Word for word, restate the lines of the listing below from the line with "Adam's Peak Wedding" through the line with "Projetos / Realsmart Branding 12", and do not include the pictures.

Information supplied:
>>>>
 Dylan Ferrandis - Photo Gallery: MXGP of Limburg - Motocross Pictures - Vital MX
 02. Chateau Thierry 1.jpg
<<<<
>>>>
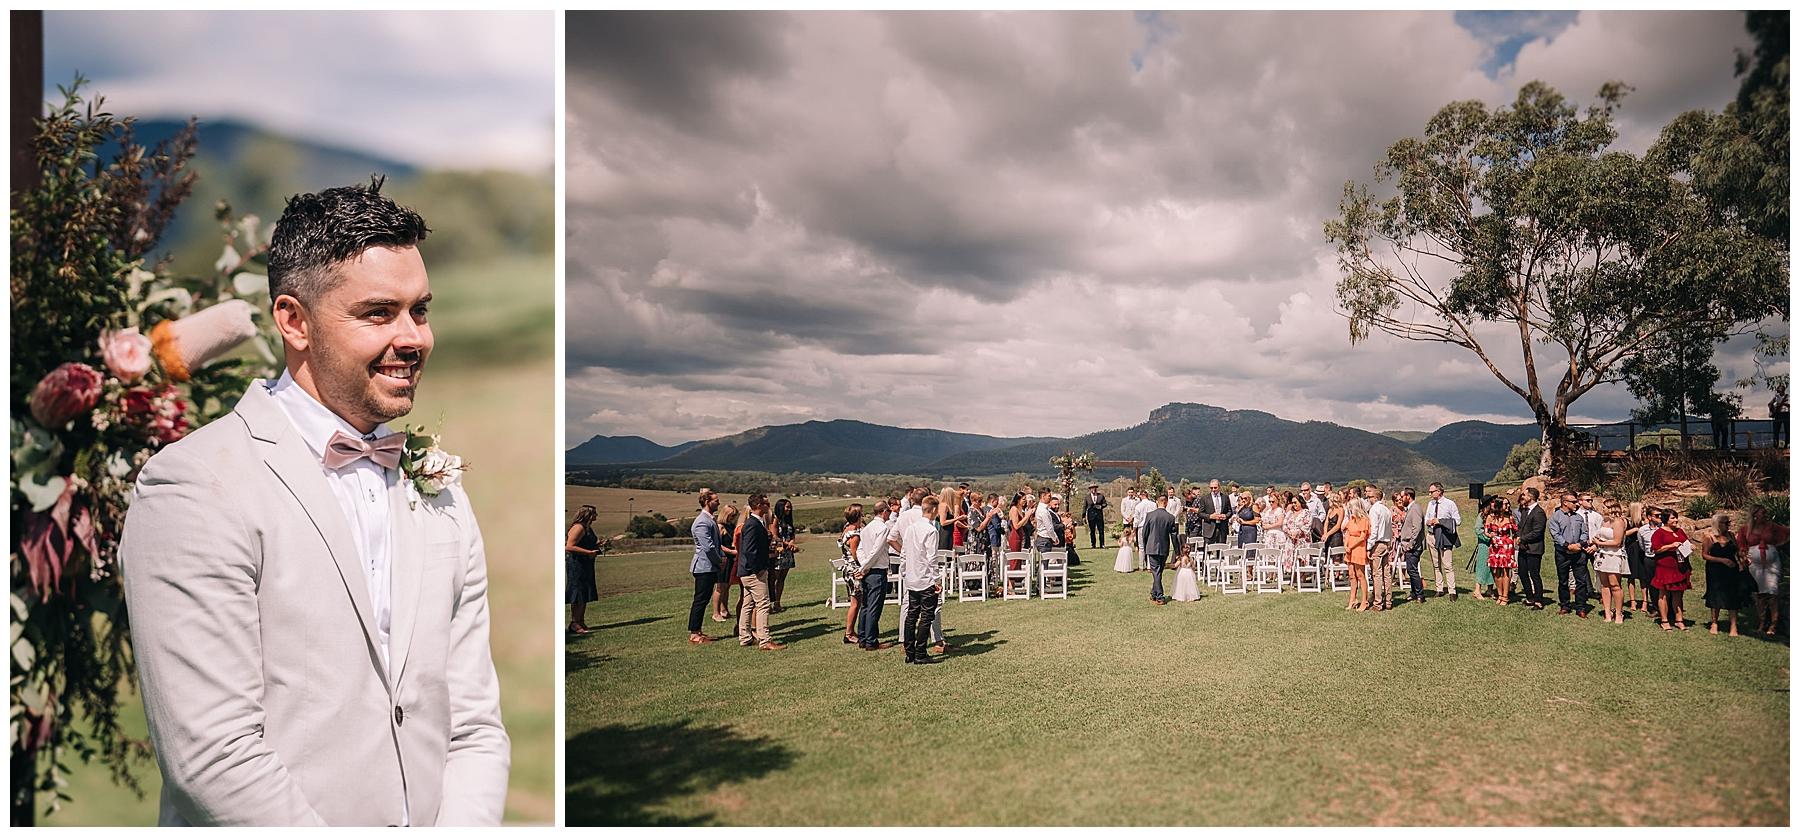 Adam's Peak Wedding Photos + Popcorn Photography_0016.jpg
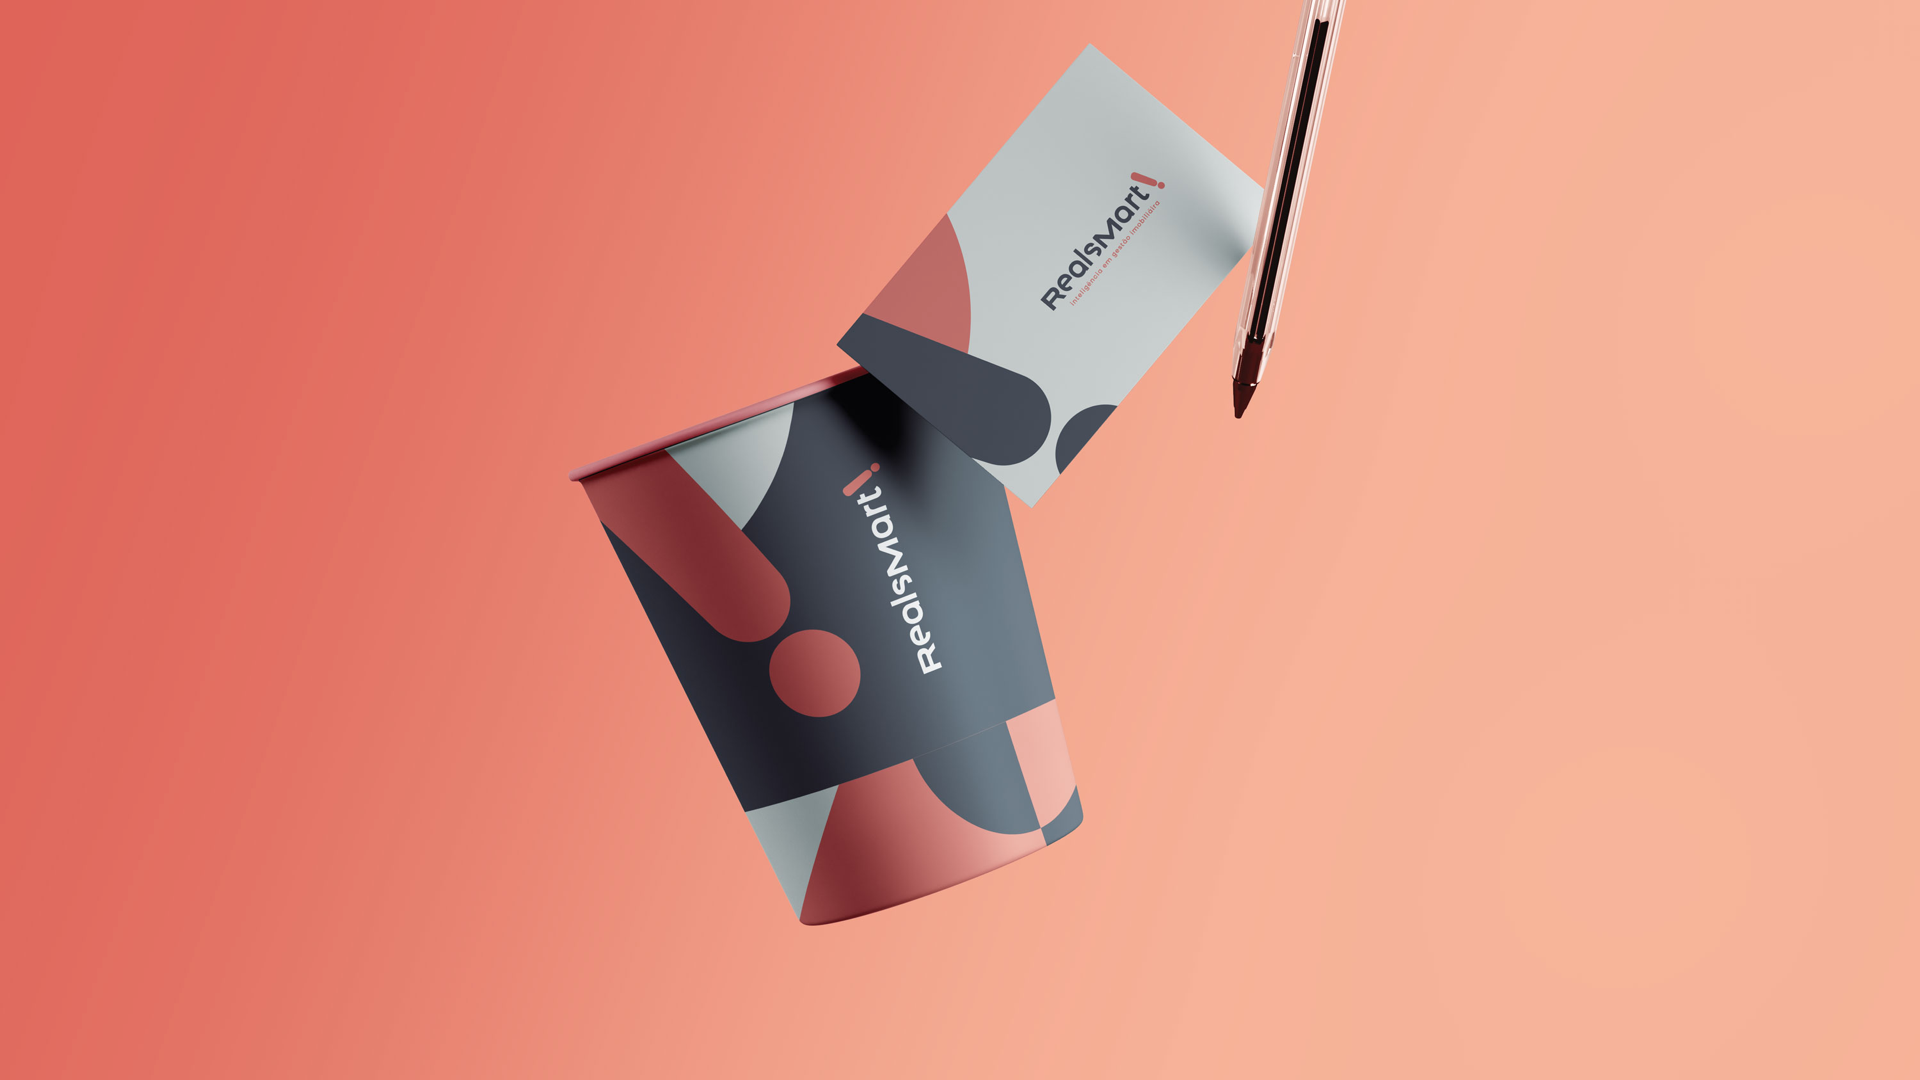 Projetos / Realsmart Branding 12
<<<<
Final answer:
 Adam's Peak Wedding Photos + Popcorn Photography_0016.jpg
 Projetos / Realsmart Branding 12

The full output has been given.